>>

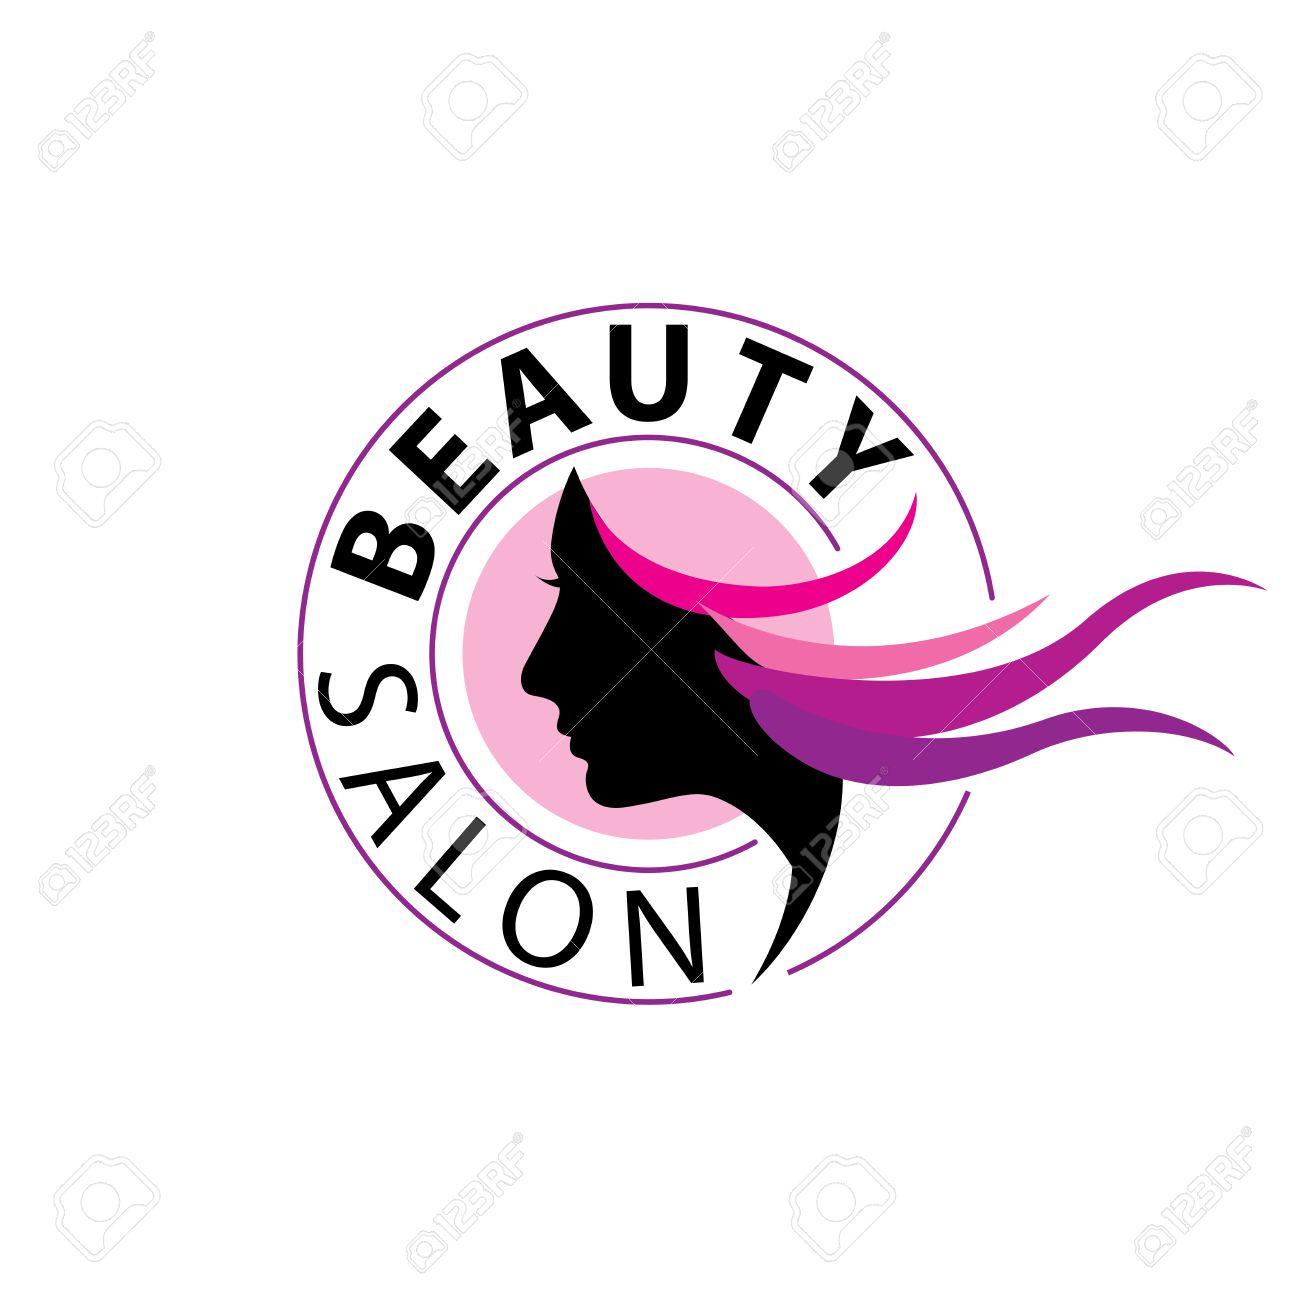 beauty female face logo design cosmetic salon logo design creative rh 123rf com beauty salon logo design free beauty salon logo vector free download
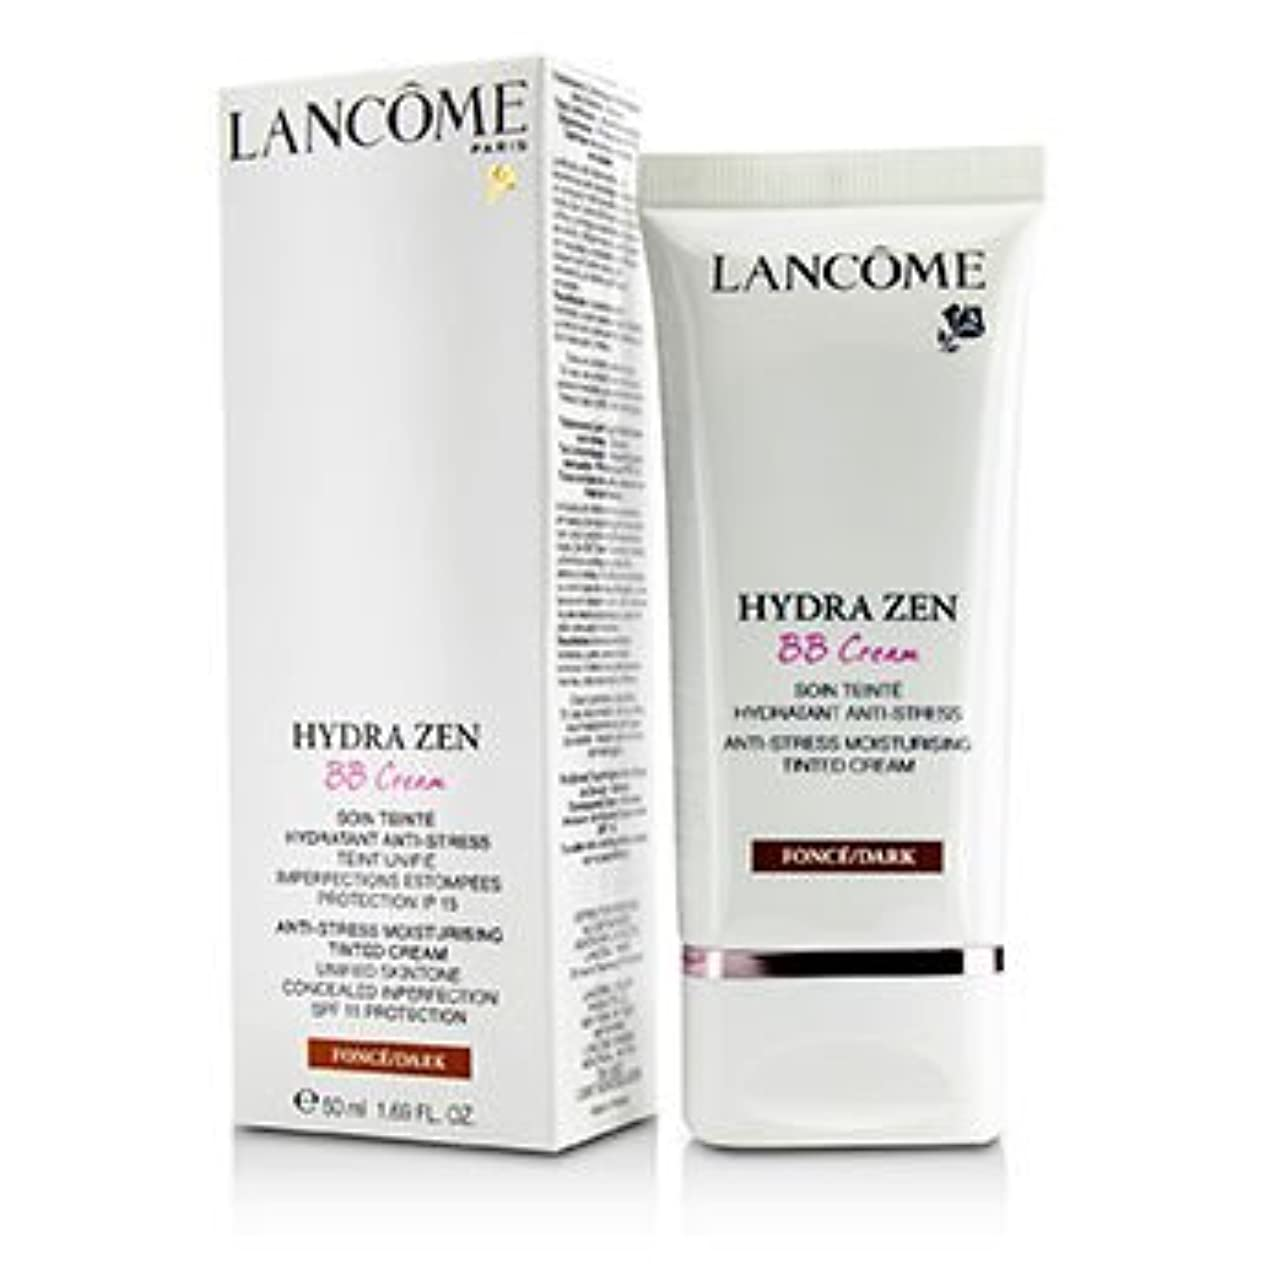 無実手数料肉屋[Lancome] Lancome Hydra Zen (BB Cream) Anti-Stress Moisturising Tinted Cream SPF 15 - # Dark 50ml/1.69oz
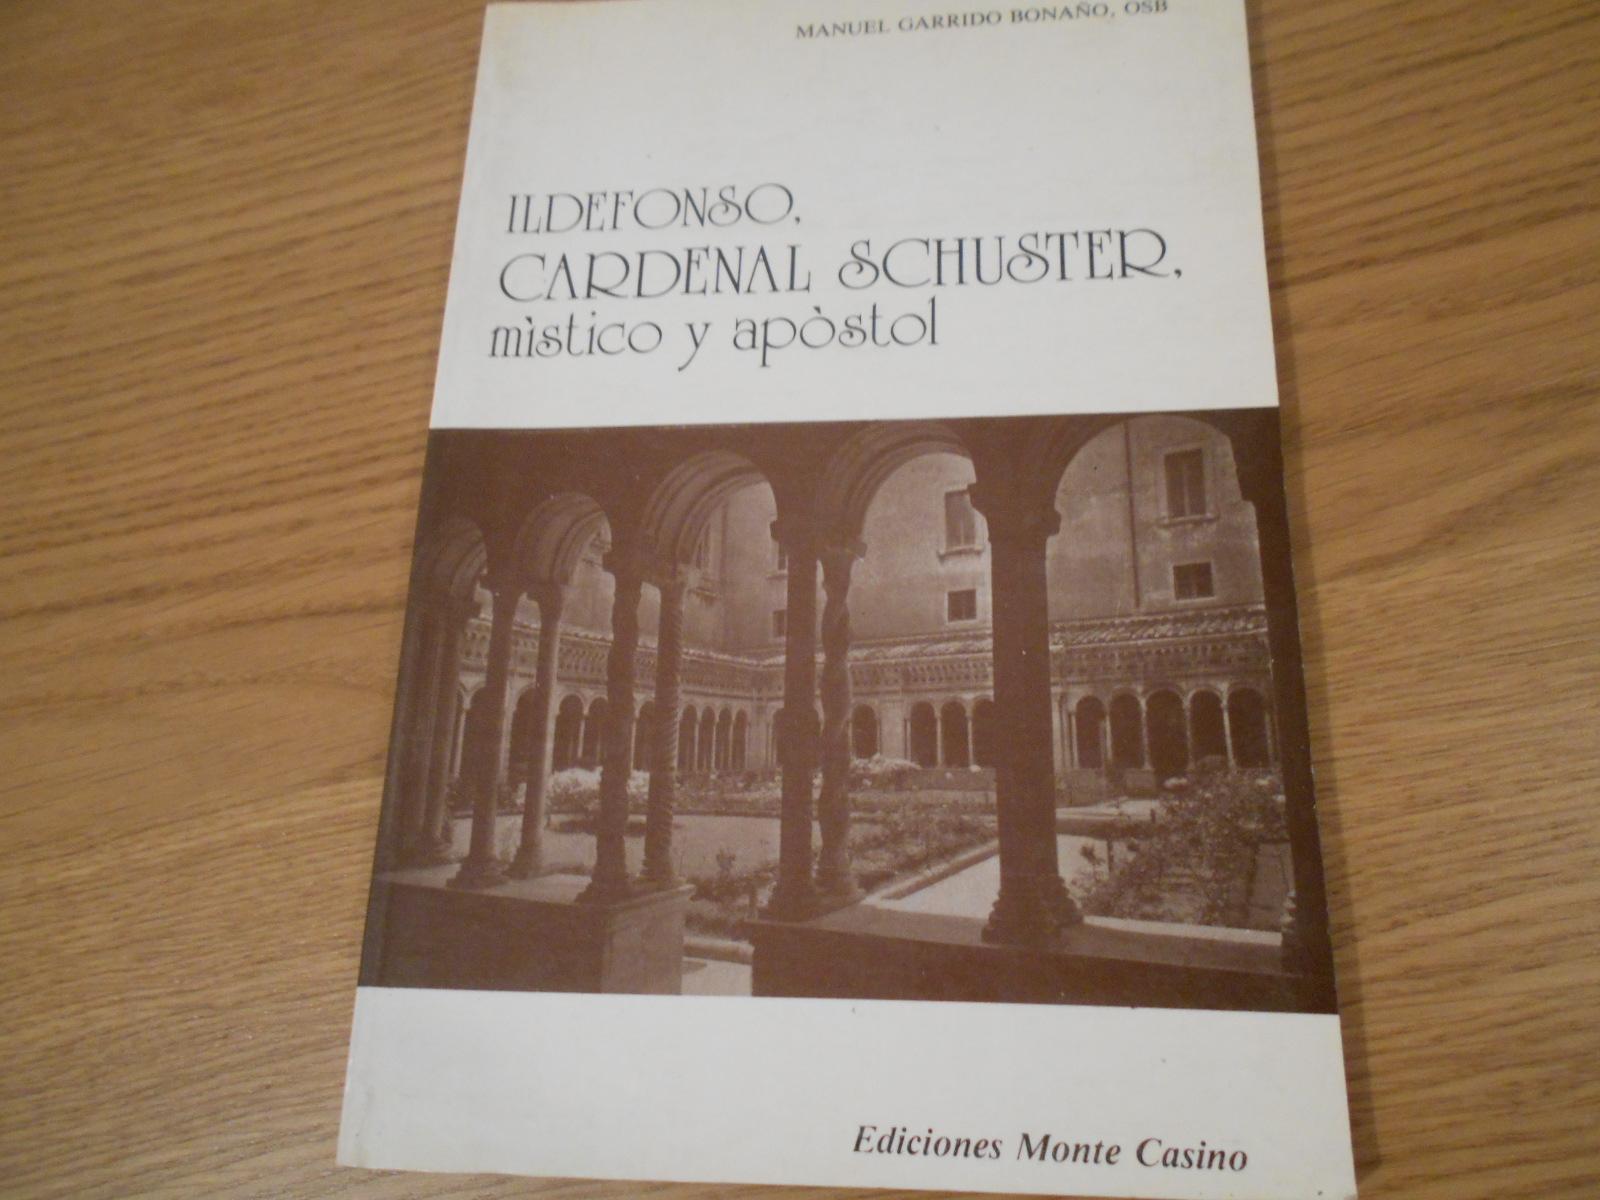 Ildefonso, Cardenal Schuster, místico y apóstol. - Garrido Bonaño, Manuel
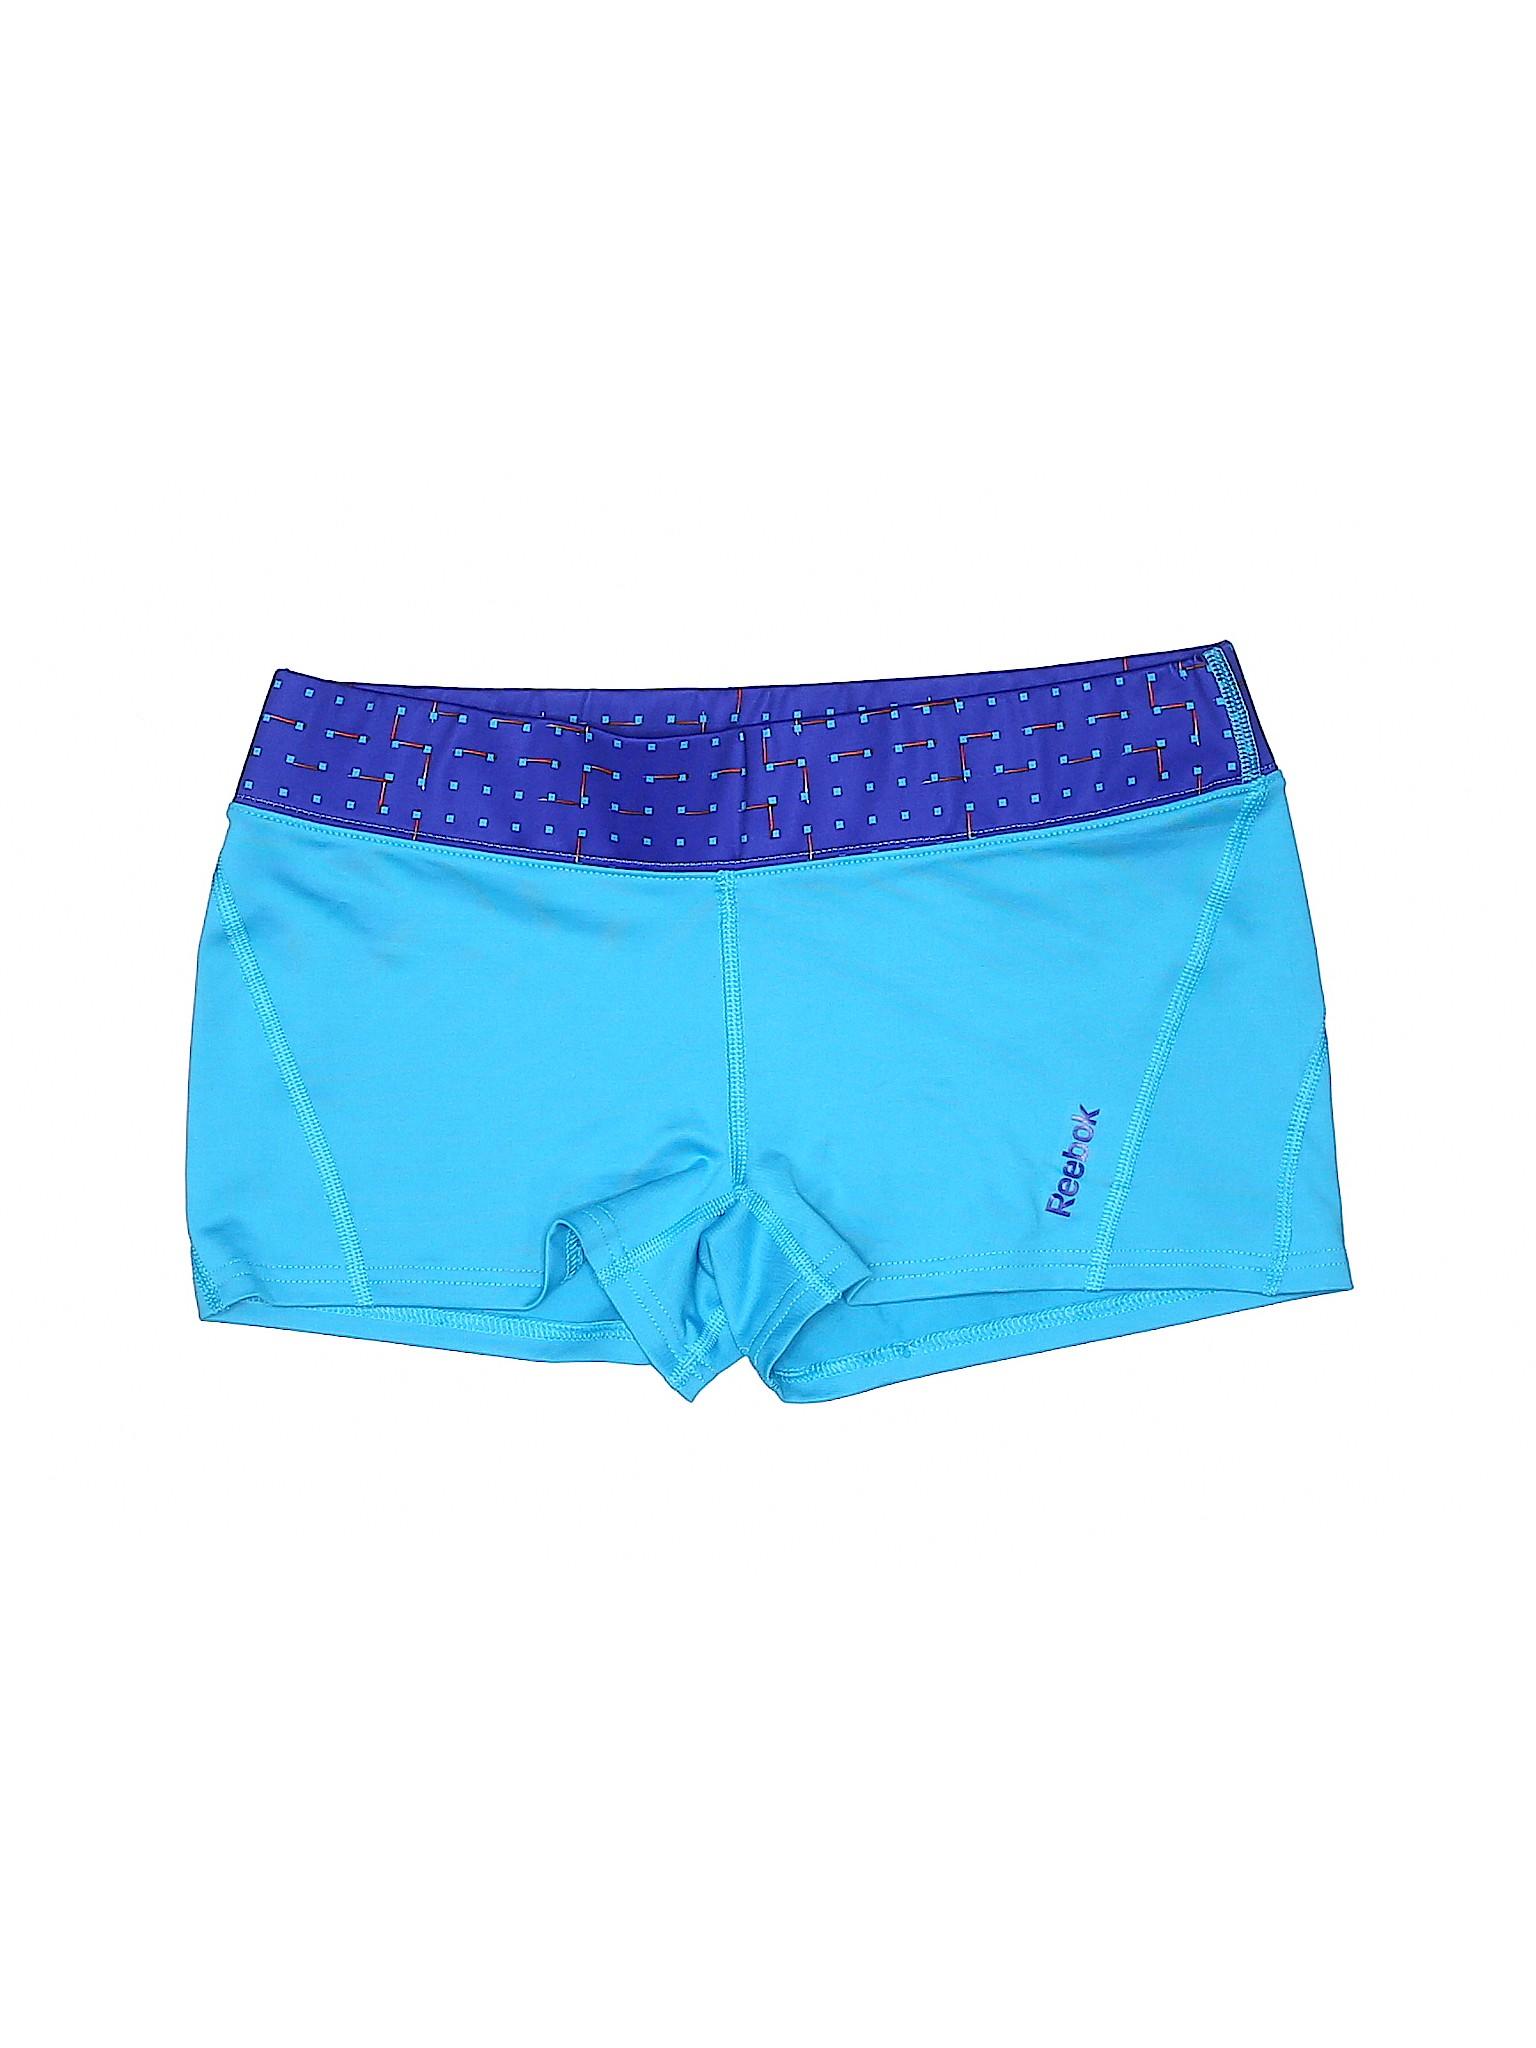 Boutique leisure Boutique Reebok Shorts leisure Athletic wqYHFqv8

<<

What this task involves: Pictures must be left out. Repeat exactly the lines from the one containing "Ildefonso, Cardenal Schuster, místico" through the final line of the data.

Response area:
 Ildefonso, Cardenal Schuster, místico y apóstol. - Garrido Bonaño, Manuel
 Boutique leisure Boutique Reebok Shorts leisure Athletic wqYHFqv8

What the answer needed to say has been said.